When I was only 14, a boy at school called me “flat” for the first time. And continued to until I was 18.
At the time, training bras were donned by the early bloomers, the feminine, the blessed. And I was told by one boy, then herds of them, that lacking something meant it was acceptable to rob me of my self-worth, my girlhood. I wore bras that fit too tight and sometimes ones that left gaping holes right above my heart. From what I can recall, I wished for nothing but a nice set of ta-tas for birthdays and New Years. As if this time around a miracle would set the playing field right.
At 16 I shed my layers for the first time, palms pressed tightly over my chest in fear of undoing the façade I had constructed. I made excuses for myself and for my body until I wholeheartedly believed the words of a sad boy lost in a world of insecurity.
It took me years, cut into tiny fragments of minutes, to embrace my own magnificence. The parts given to me by starbursts and moonlight.

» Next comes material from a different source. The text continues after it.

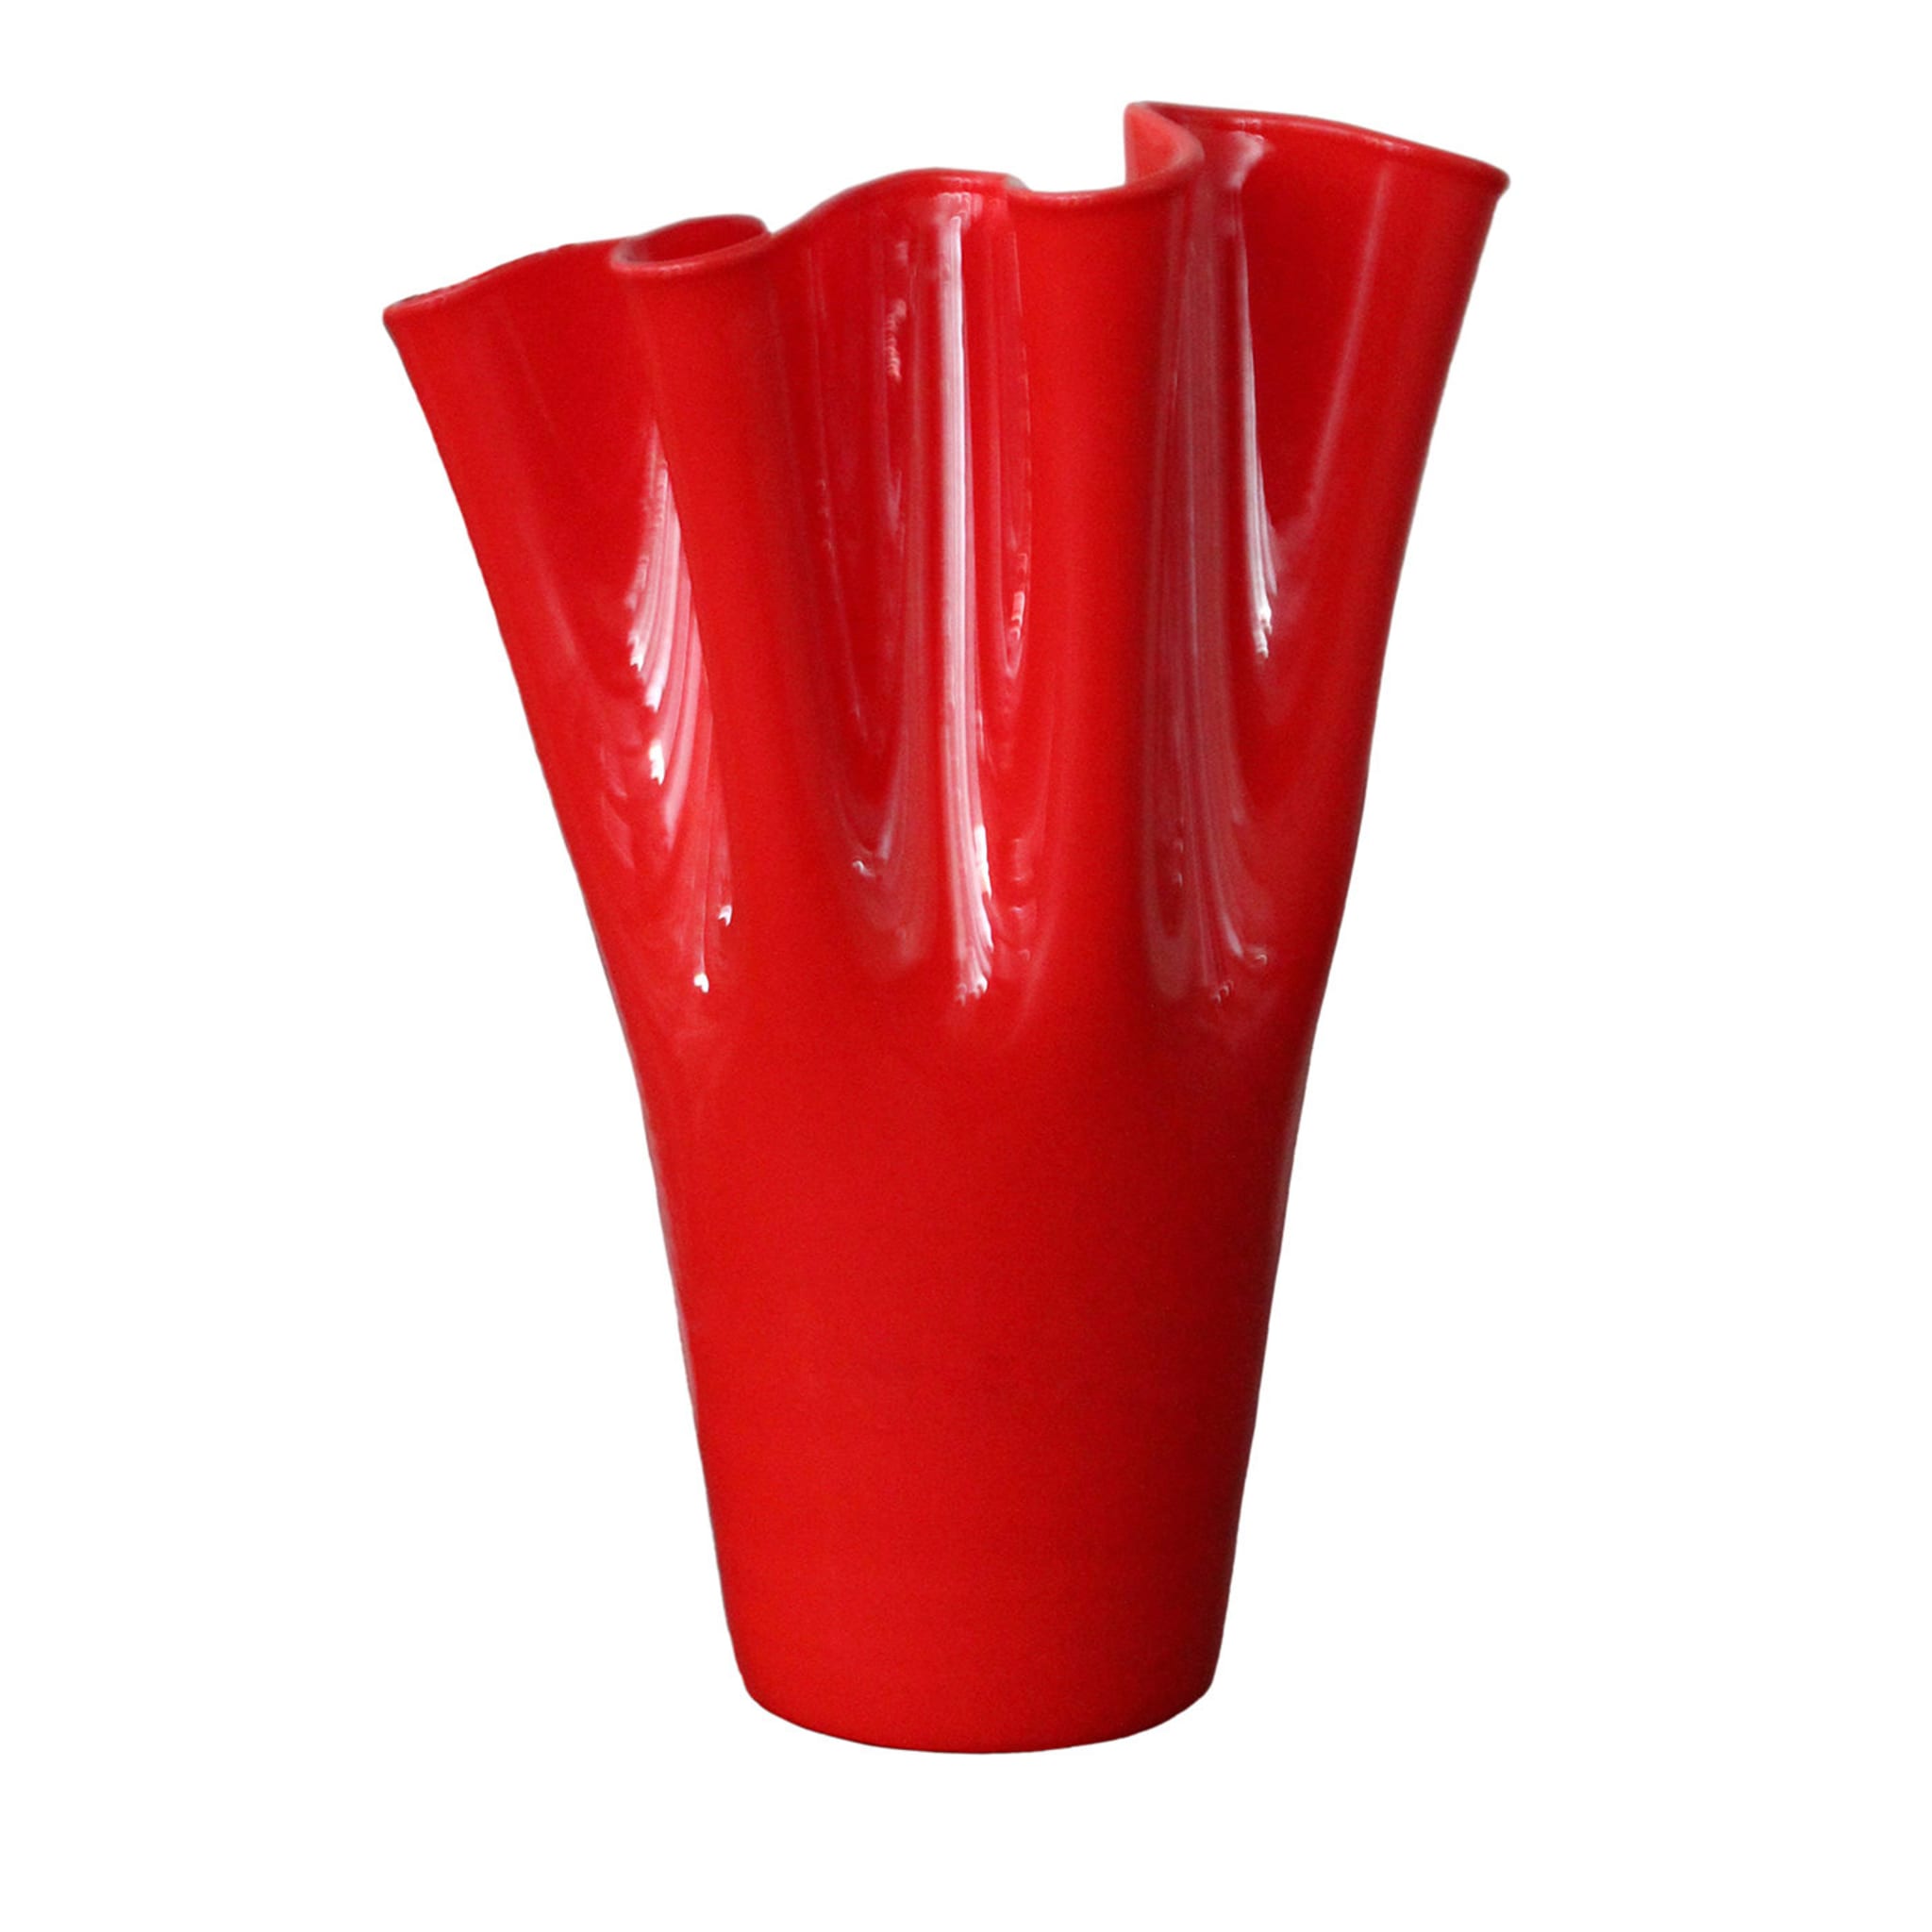 Vase rouge Velluto de Fabio Casali - Vue principale
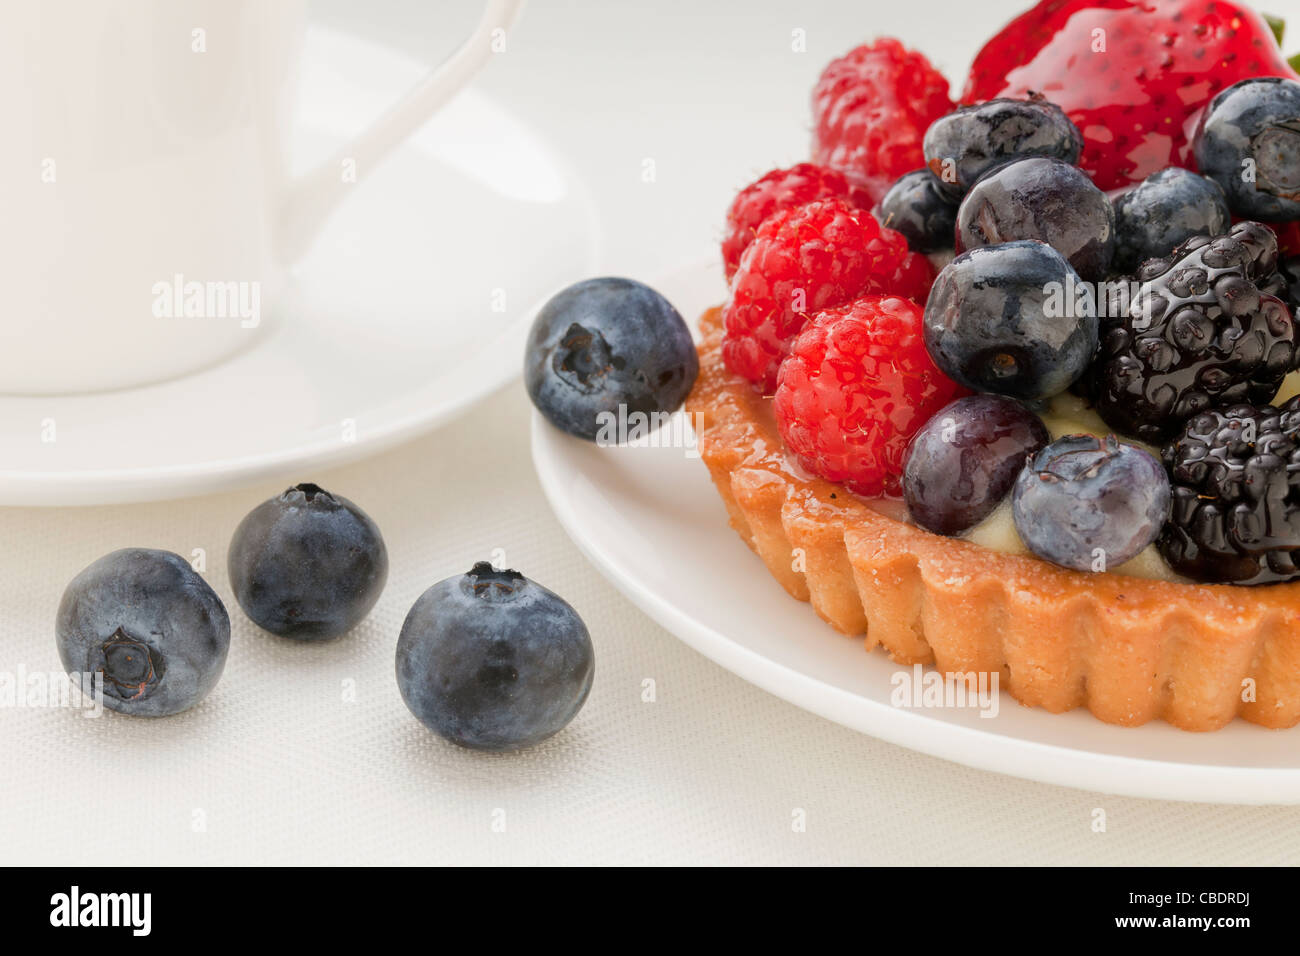 Crostata di frutta con mirtillo, mora, lampone e fragola, una tazza di caffè in background Foto Stock

I am now 23 and my partner in life reminds me everyday of the beauty living between the arms that embrace him and the soul that caresses other divine beings. I work hard to equate my body type to no-one’s but the curvature of the galaxy. I count my blessings and peer behind to see the path forged through sullen ground.
But every now and again, on days that are hard, I whisper to my younger self:
“your magic has been within you all along.”